→ Provided material
== Segment start ==

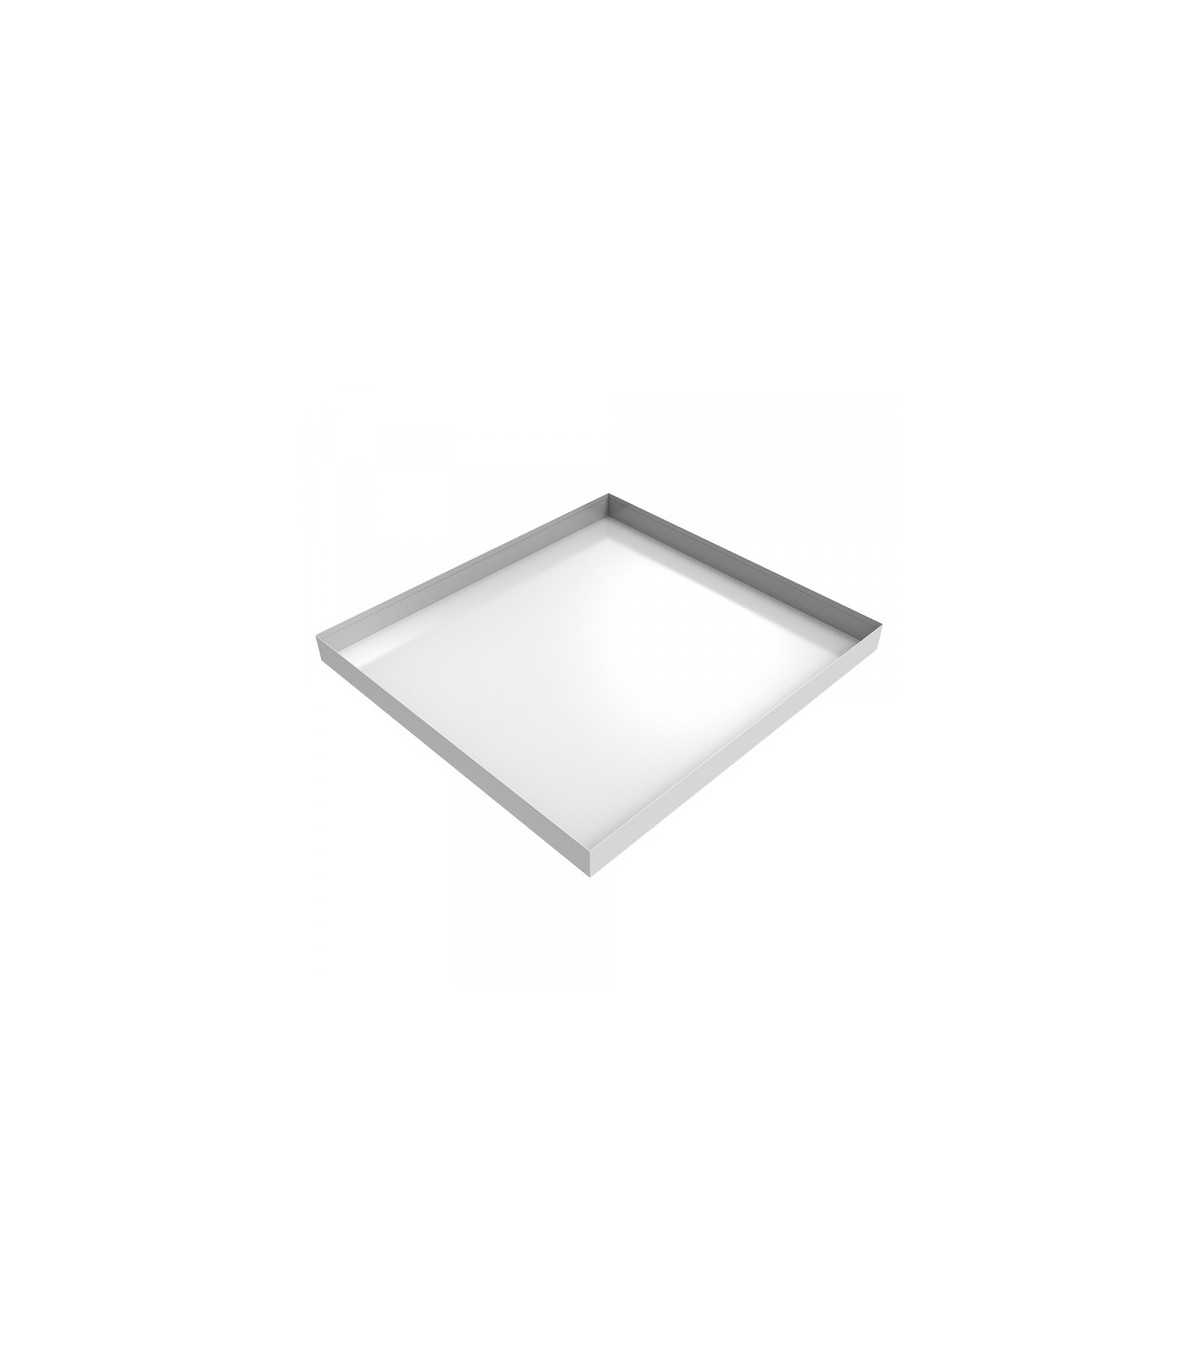 White Compact Washer Floor Tray - 27" x 25" x 2.5" | Steel - Killarney Metals
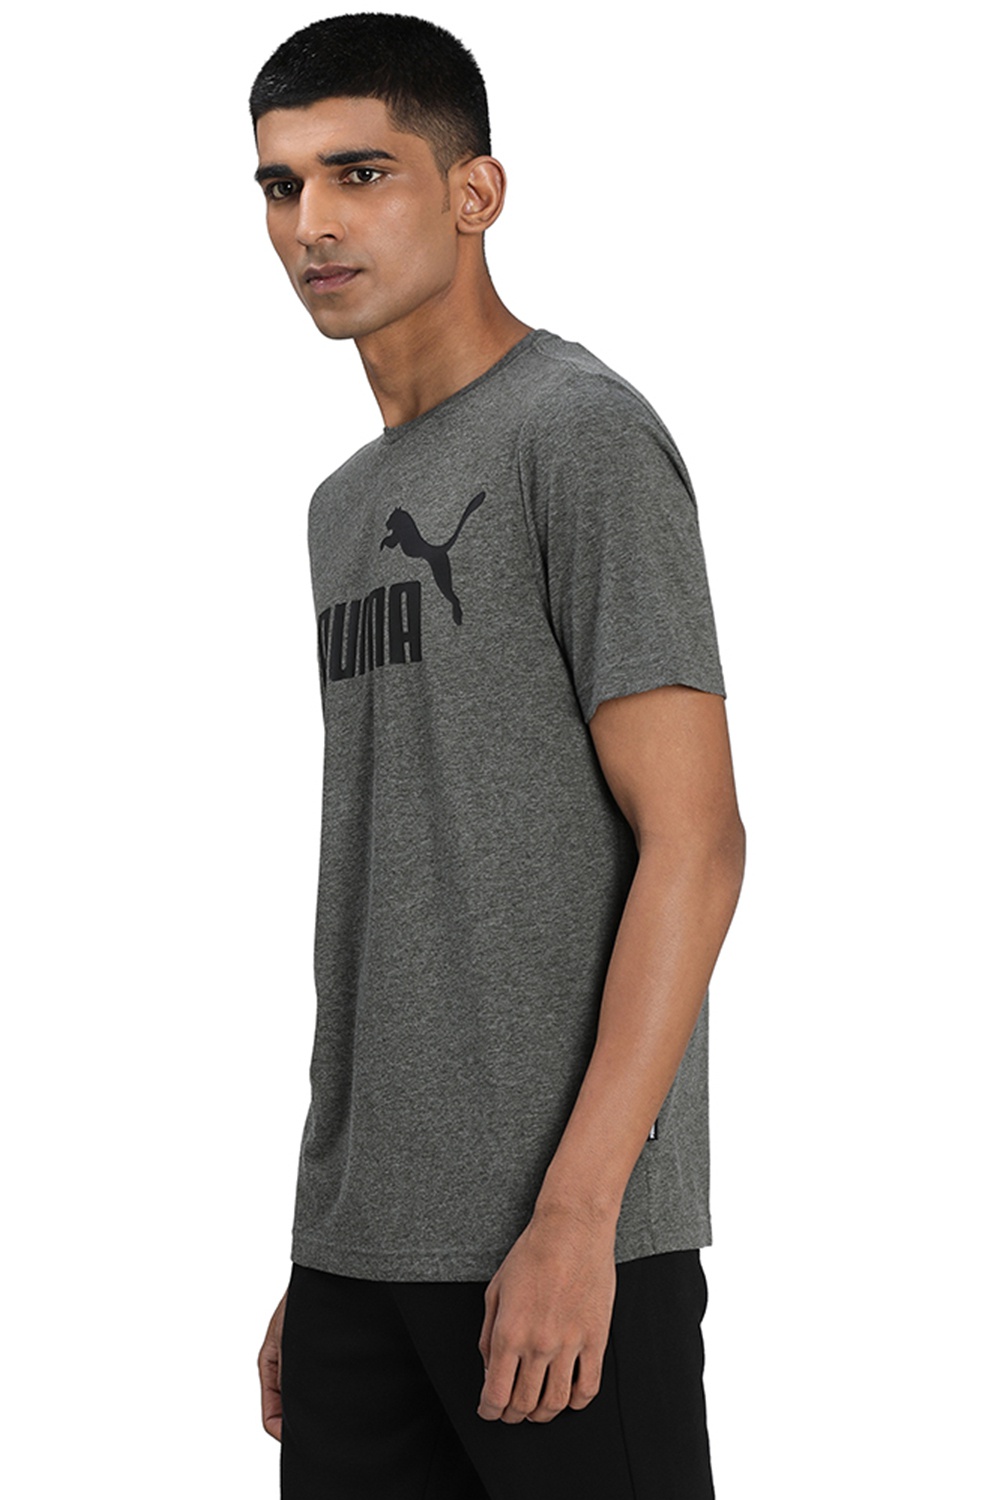 Puma Solid Color Lifestyle Logo Men's Short Sleeves T-Shirt
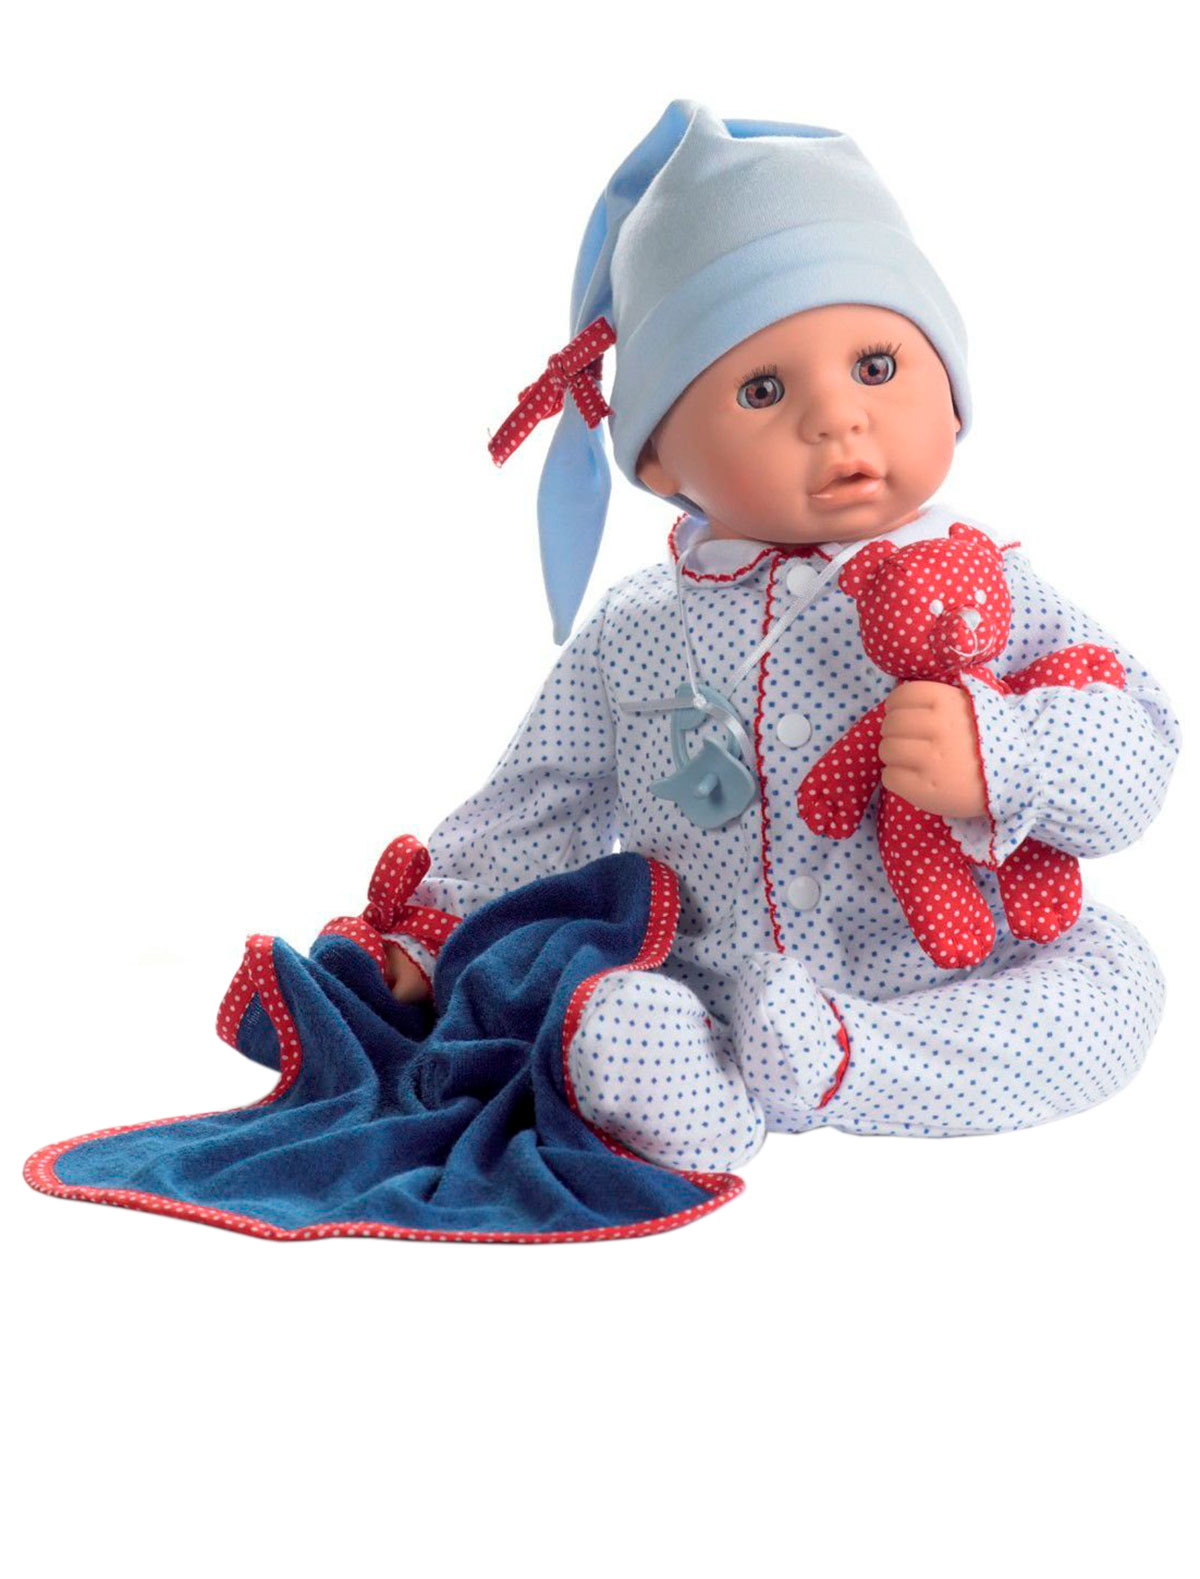 Кукла Gotz кукла спортсменка наушники полотенце 2 бут в коробке 8441

== Segment end ==

→ Requirement
In your copy of the material, every word must match and no image should appear.

→ Completed exercise
 White Compact Washer Floor Tray - 27" x 25" x 2.5" | Steel - Killarney Metals
 Puma Solid Color Lifestyle Logo Men's Short Sleeves T-Shirt
 Кукла Gotz кукла спортсменка наушники полотенце 2 бут в коробке 8441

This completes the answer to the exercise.